On the other hand, Figure 3d shows a semi-quantitative elemental analysis, which made it possible to identify the distribution and content percentage of elements such as carbon (C), oxygen (O), silicon (Si) and calcium (Ca), in representative proportions. This analysis is complemented with the data in Table 3, that shows the mass percentage of the chemical elements present in the Pinus spp. residues.
The previous results show a significant content of polymeric and extractable compounds, which can be linked to the energy content of these residues. Likewise, the morphological structure of the typical fibrous texture of sawdust could favor biomass agglomeration and, consequently, would produce an increase in compressive strength. Biomass waste studies help to predict its agglomeration properties for briquetting [70].
The characterization by FTIR and SEM is consistent with the determination of polymeric compounds by the fiber method. These results are presented in Table 4 as values in determined ranges for each compound with reference to the samples collected for this investigation, which is consistent with the previous characterization.
The amount of wood waste generated in the community of the study shows prominent energy characteristics for the generation of energy through solid biofuels, since the heating value found in the material analyzed for this research is adequate and very similar to those reported in the scientific literature, as shown in Table 5.
From the above, the calorific coefficient is similar compared to the values reported in previous research for Pinus species, for which the calorific coefficient found is equal to or greater than those previously reported, which makes it a suitable material for the generation of solid biofuels. In addition, this parameter is directly related to the moisture content, but in previous research for this material, a moisture value of 14.21% (±0.16) to 21.9% (±0.29) was found [35], which indicates that this material is suitable for the generation of thermal energy through solid biofuels.
On the other hand, Figure 4 shows the thermogravimetric curve (TGA) and the curve of its derivative, that is, the differential curve (DTG) in an inert atmosphere of argon. A characteristic behavior of lignocellulosic materials is observed. In this sense, it can be considered that hemicellulose (first stage) decomposes at a lower temperature (190–380 °C) than cellulose (second stage) which degrades between 280 and 400 °C. Finally, lignin, considered a more complex compound, decomposes between 170 and 800 °C in a third stage; it decomposes at a slower rate due to the association with the phenolic hydroxyl group [75,76].
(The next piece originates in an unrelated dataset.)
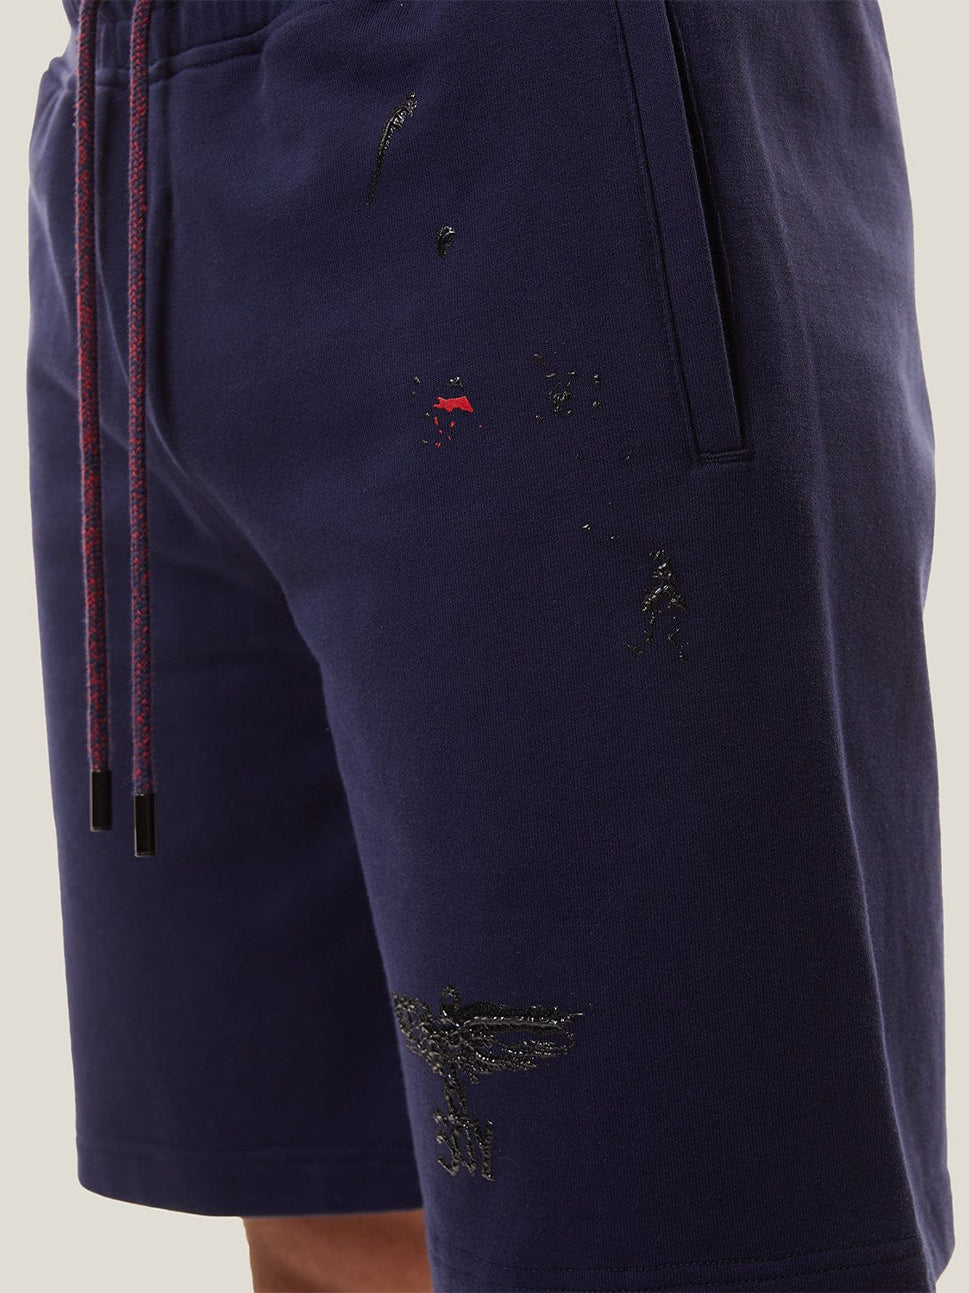 Boy London Tint Navy Shorts

As can be seen, the area of greatest degradation occurs between 250 and 400 °C, where there is the maximum loss of hemicellulose and cellulose due to the release of most of the volatiles, favoring the formation of charcoal at the end [77]. The highest rate of degradation (DTG) is also observed in this intermediate stage. When comparing the peaks of hemicellulose (shoulder), at approximately 325 °C, and cellulose (≈360 °C), it is observed that they have a different heights and positions, which indicates the influence of the distribution of organic and inorganic compounds in the thermal degradation process of pine.
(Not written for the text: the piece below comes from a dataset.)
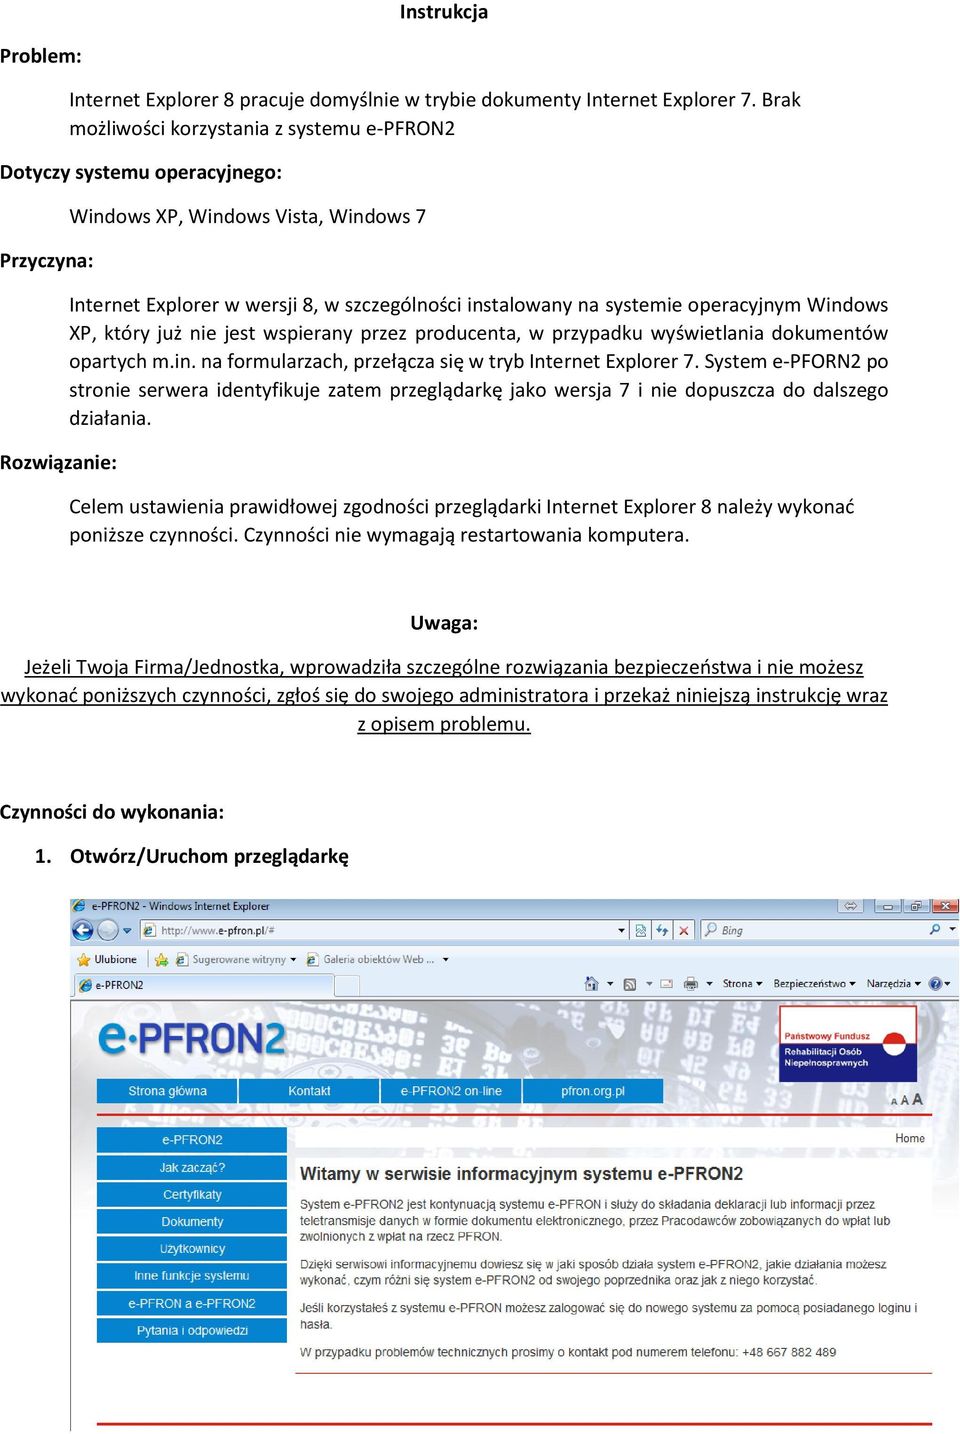 systemie operacyjnym Windows XP, który już nie jest wspierany przez producenta, w przypadku wyświetlania dokumentów opartych m.in. na formularzach, przełącza się w tryb Internet Explorer 7.

3.2. Production, Energy Potential and Guidelines for the Management of Solid Biofuels

As regards the production of waste in the analyzed workshops, some of the most common types are highlighted, the generation of which is attributed to the dimensions, the technology used and the operation time of the workshop. Figure 5 shows the geographical location of the study site (Figure 5a), the identification of workshops (Figure 5b), and the intensity of production of sawdust and chips in the analyzed workshops (Figure 5c,d). Sawdust production ranges from 10 to 250 kg/week per workshop, while chip generation ranges from 10 to 132 kg/week.
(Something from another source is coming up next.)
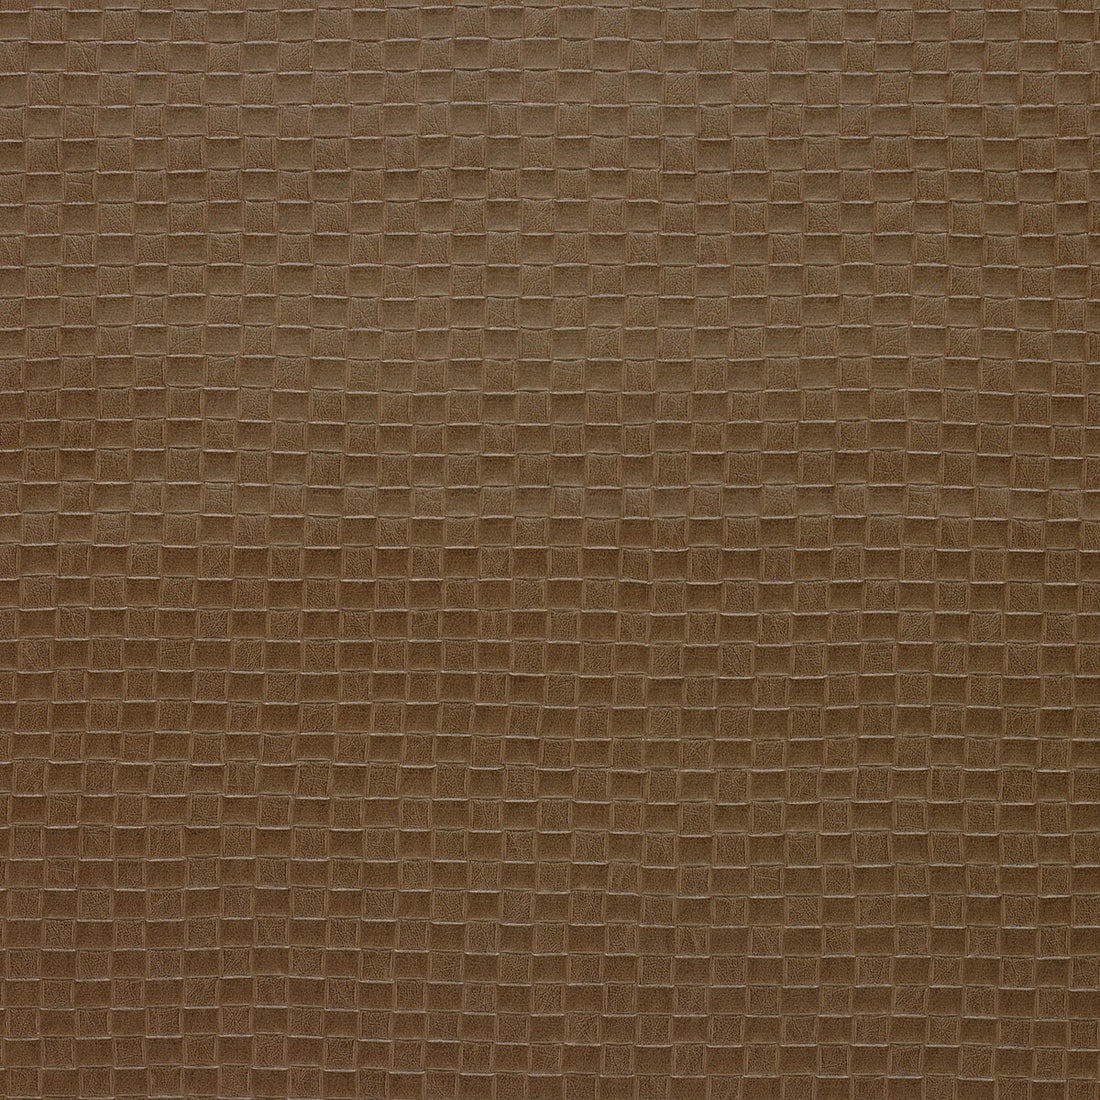 Kravet Design fabric in olia-1616 color - pattern OLIA.1616.0 - by Kravet Design

According to the residents who own the artisan workshops, the COVID-19 pandemic significantly impacted the levels of wooden furniture manufacturing, and consequently, also the generation of waste. And, although the pandemic is coming to an end, the truth is that it has left an economic impact on local production levels, as well as changes in the productive fabric, migration and assistance provided by various social programs. There are no precise data on the levels of reduction in the productive fabric of the community, but they were greater than 30%.
However, this analysis shows the distribution of waste generation in the different workshops, as well as its dispersion, which is minimal because it is a small town. The low dispersion in waste generation makes it feasible to manage, as has been addressed in some investigations [78]. In this sense, the collection of biomass takes place over small distances, so the construction of collection centers does not represent a challenge associated with the disposal of residual biomass.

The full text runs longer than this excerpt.